Based on an idea conceived by French historian Édouard de Laboulaye at an 1865 dinner party in Paris, the Statue of Liberty took shape at the hands of a young sculptor, Frédéric Auguste Bartholdi, who is rumored to have based Lady Liberty's face on his mother's.

French engineer Gustave Eiffel—later renowned for his Parisian tower of "naked" metalwork—created the steel skeleton beneath the Statue of Liberty's delicate exterior, according to the Park Service.

"If you take two pennies, stack them together—that is about as thick as her copper skin," Rambo said.

After being shipped from France in hundreds of pieces and reassembled over four months atop the pedestal on Liberty Island, the "Statue of Liberty Enlightening the World" was formally dedicated on October 28, 1886—ten years after the U.S. centennial for which the statue had been intended.

Statue of Liberty Remodeled

The 21st-century modifications are hardly the only changes to the Statue of Liberty over its history. Shrapnel from a bomb blast on a neighboring island in 1916, for example, prompted the permanent closure of the torch's open-air balcony to visitors.

Beginning in 1982 the Statue of Liberty—with scaffolding eventually obscuring it from toes to torch—began undergoing a major restoration timed to the statue's centennial in 1986.

The biggest 1980s change was the replacement of Liberty's torch.

Originally intended to allow the statue to serve as a lighthouse, the previous flame—now housed in the museum on Liberty Island—was largely made up of amber-colored windows, which were lighted from within.
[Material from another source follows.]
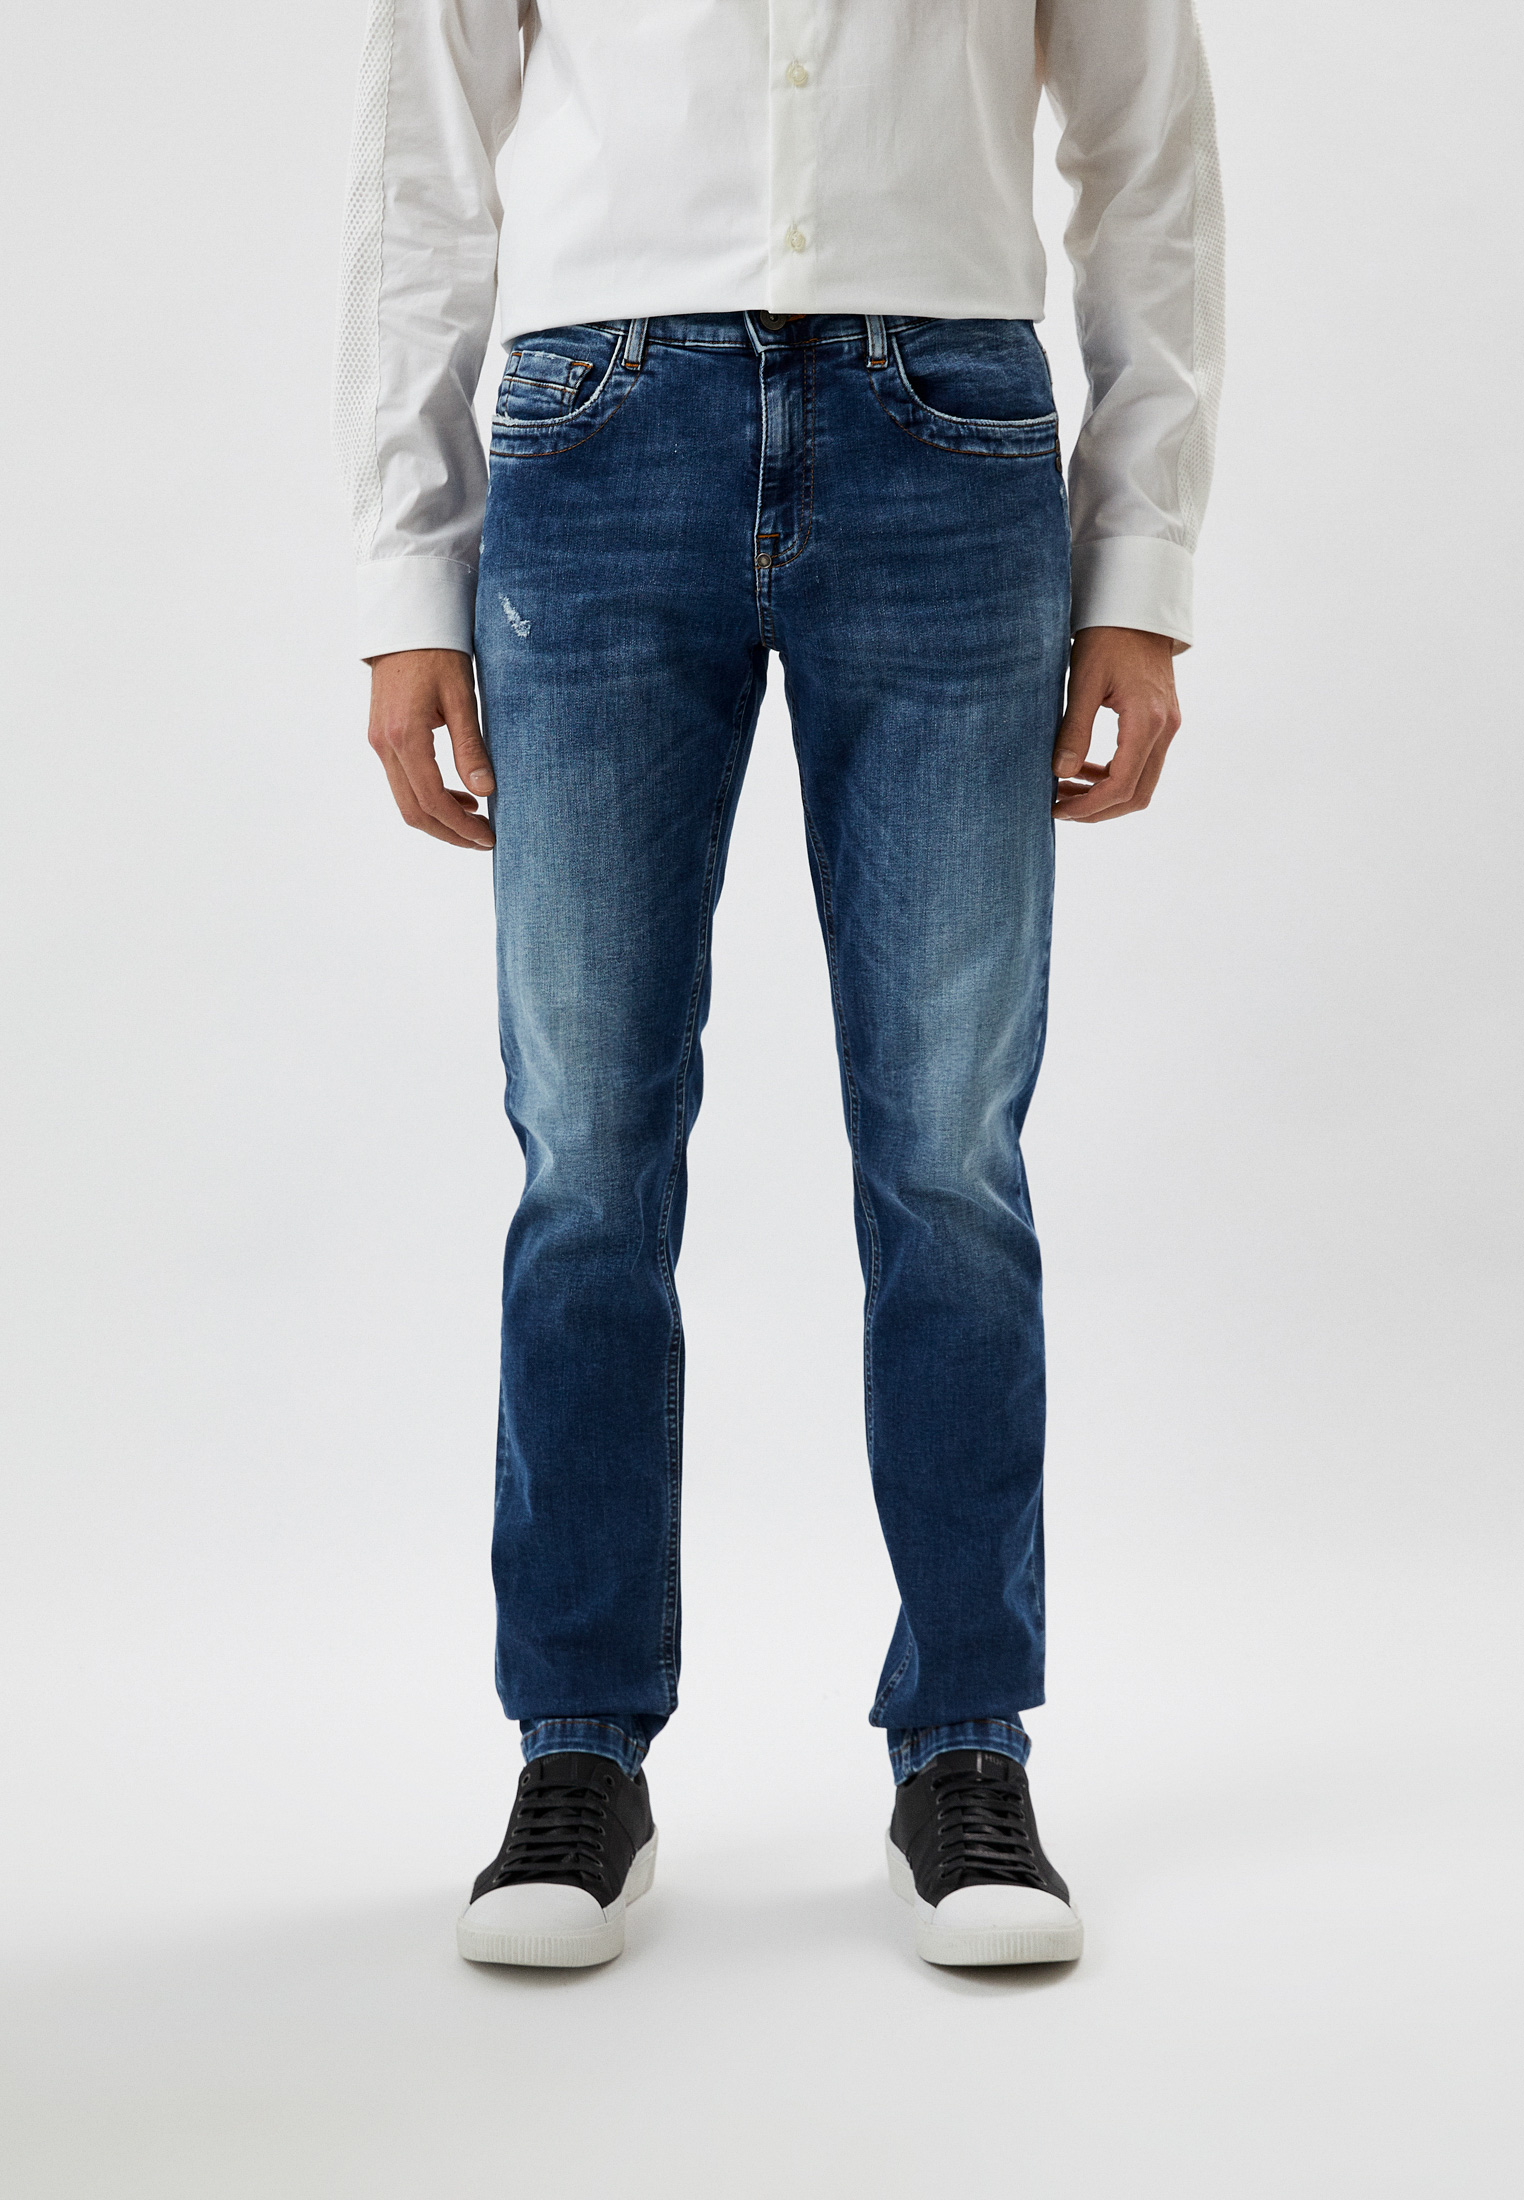 Мужские зауженные джинсы Bikkembergs (Биккембергс) C Q 101 88 S 3511: изображение 5

Those windows, though, had openings that allowed in rain, which corroded the raised arm's support structure, Rambo said.

The 1986 flame has an unbroken, 24-carat gold leaf-covered skin that is lighted from the outside.

The 1980s restoration also included a thorough washing of the Statue of Liberty's copper skin, which has a naturally oxidized, green coating called a patina.

"The patina is a protective coating that the copper creates for itself," Rambo said—which isn't to say the metal doesn't need a little TLC now and again. The statue, Rambo added, "has to be washed with a combination of crushed walnut shells, baking soda, and pressurized water."

For now, though, the nut crushers, railing installers, and other renovators are due for a rest. But it won't last for long.

In two years the Statue of Liberty will close again for a retrofitting of the pedestal. The process should take about two years, Rambo said.

It may be worth the wait: When the crown reopens again, around 2013, about 480 people a day—double the current limit—should be able to access the crown.